O porta-voz da Polícia do Estado do Michigan, Shanon Banner, disse num e-mail que “os instrumentos de investigação de que dispomos no âmbito deste contrato apenas são utilizados em conjunto com investigações criminais, cumprindo todas as leis estatais e federais.” O fundador da ShadowDragon, Daniel Clemens, escreveu que a empresa fornece apenas informação que está publicamente disponível e não “constrói produtos com funções preditivas.”

Uma indústria sombria

Kaseware e ShadowDragon fazem parte de uma indústria sombria de empresas de software que exploram aquilo a que chamam “inteligência de código-fonte aberto”, ou OSINT: os rastos de informação que as pessoas deixam na Internet. A sua lista de clientes inclui agências de inteligência, governo, polícia, empresas, e até mesmo escolas.

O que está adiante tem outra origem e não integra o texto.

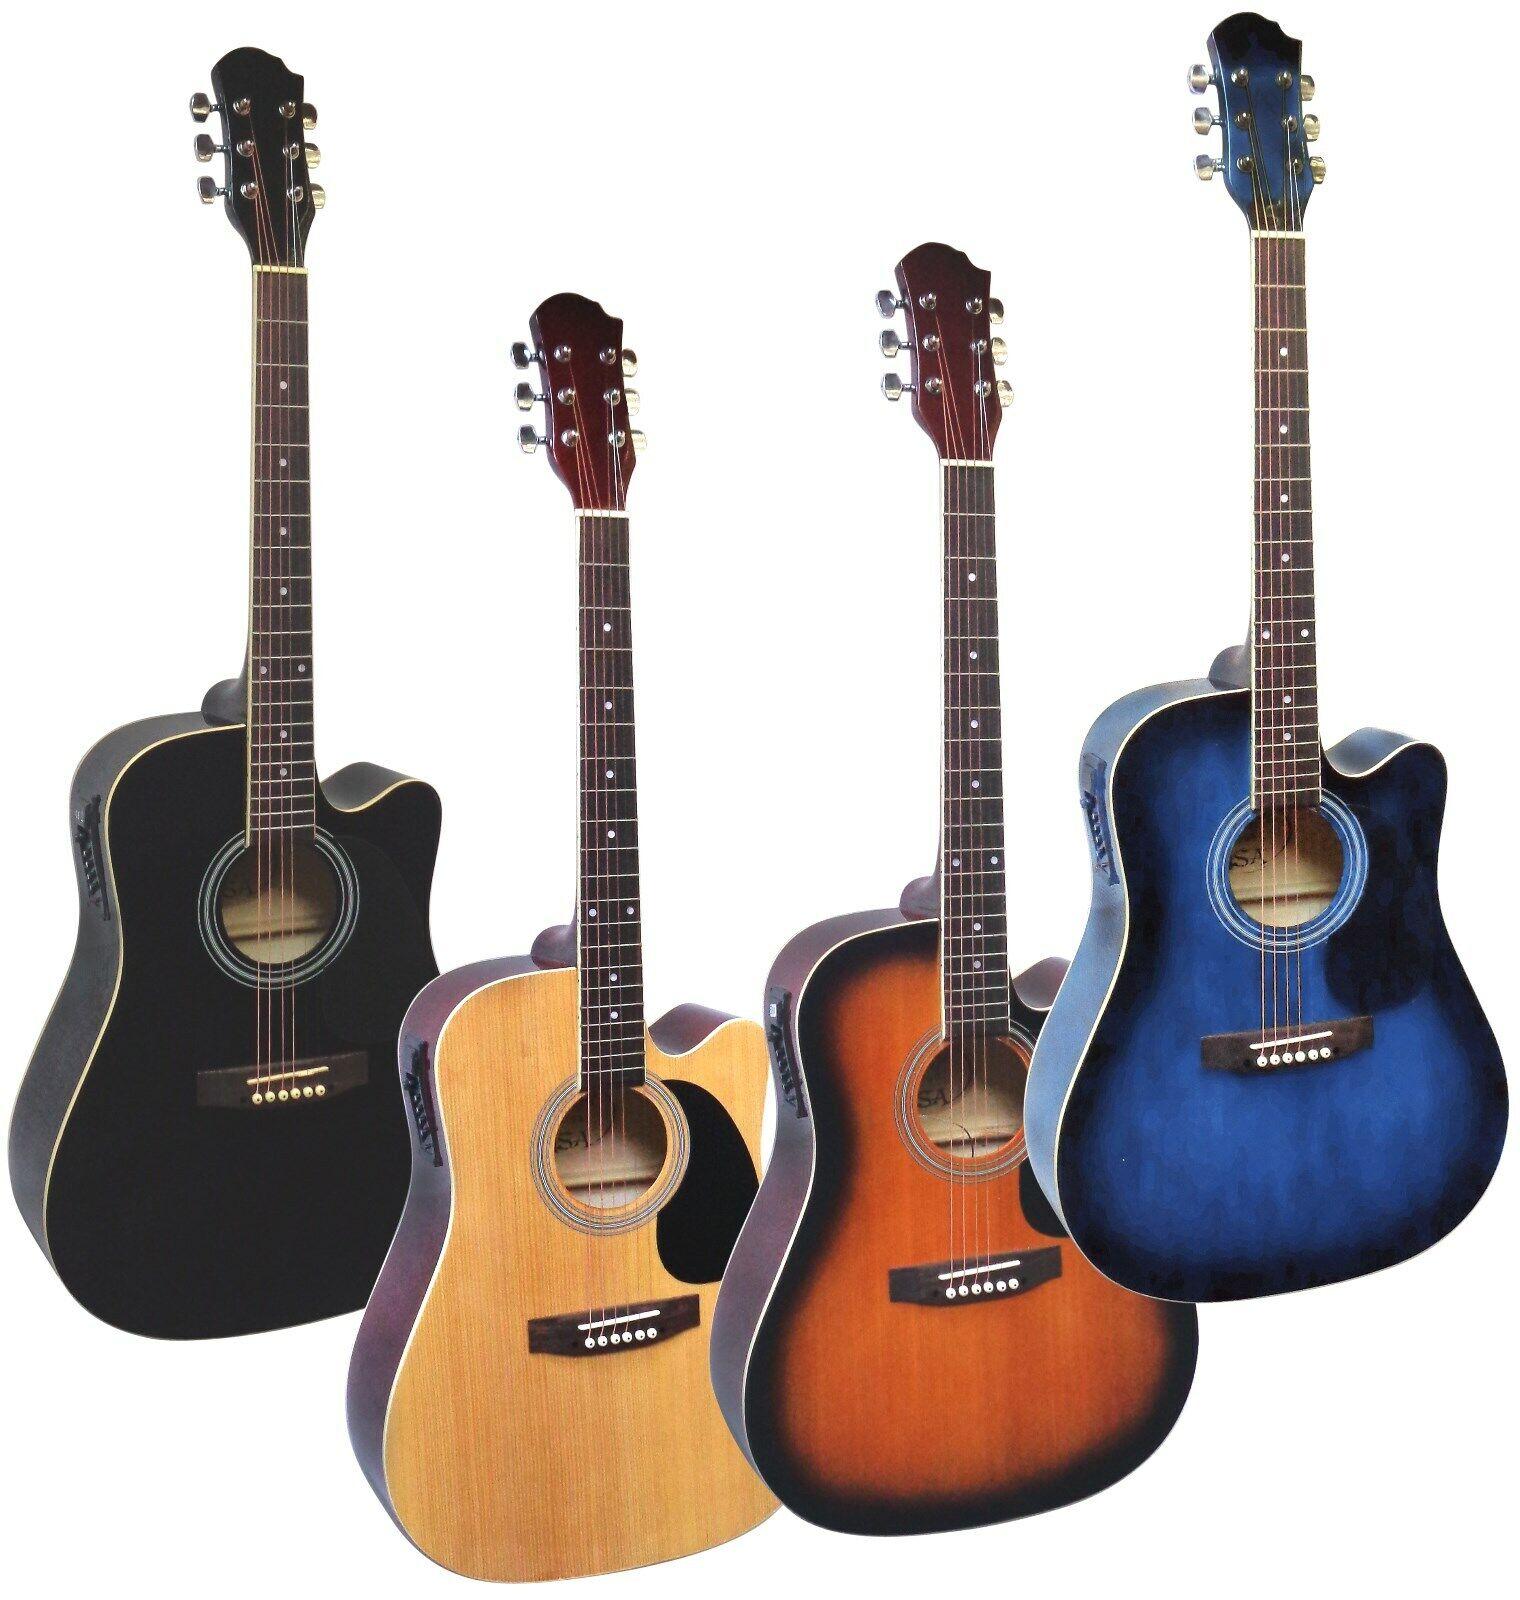 Gitarre Westerngitarre-Dreadnought 6Saiten-Tonabnehmer EQ-Anschlußkabel-Auswahl

Kaseware, parceira da ShadowDragon e da Microsoft, fornece uma plataforma para atividades que apoiam o OSINT e outros elementos de vigilância digital, como armazenamento, gestão e análise de dados. As suas funções variam desde o armazenamento de provas até ao policiamento preditivo. Em contrapartida, os dois produtos ShadowDragon adquiridos pela Polícia do Estado do Michigan são mais estritamente adaptados para a vigilância de pessoas que utilizam as redes sociais, aplicações e websites na Internet. Estes produtos correm na plataforma Kaseware.

Para compreender como Kaseware e ShadowDragon trabalham em conjunto, analisaremos um de cada vez, começando pelo ShadowDragon.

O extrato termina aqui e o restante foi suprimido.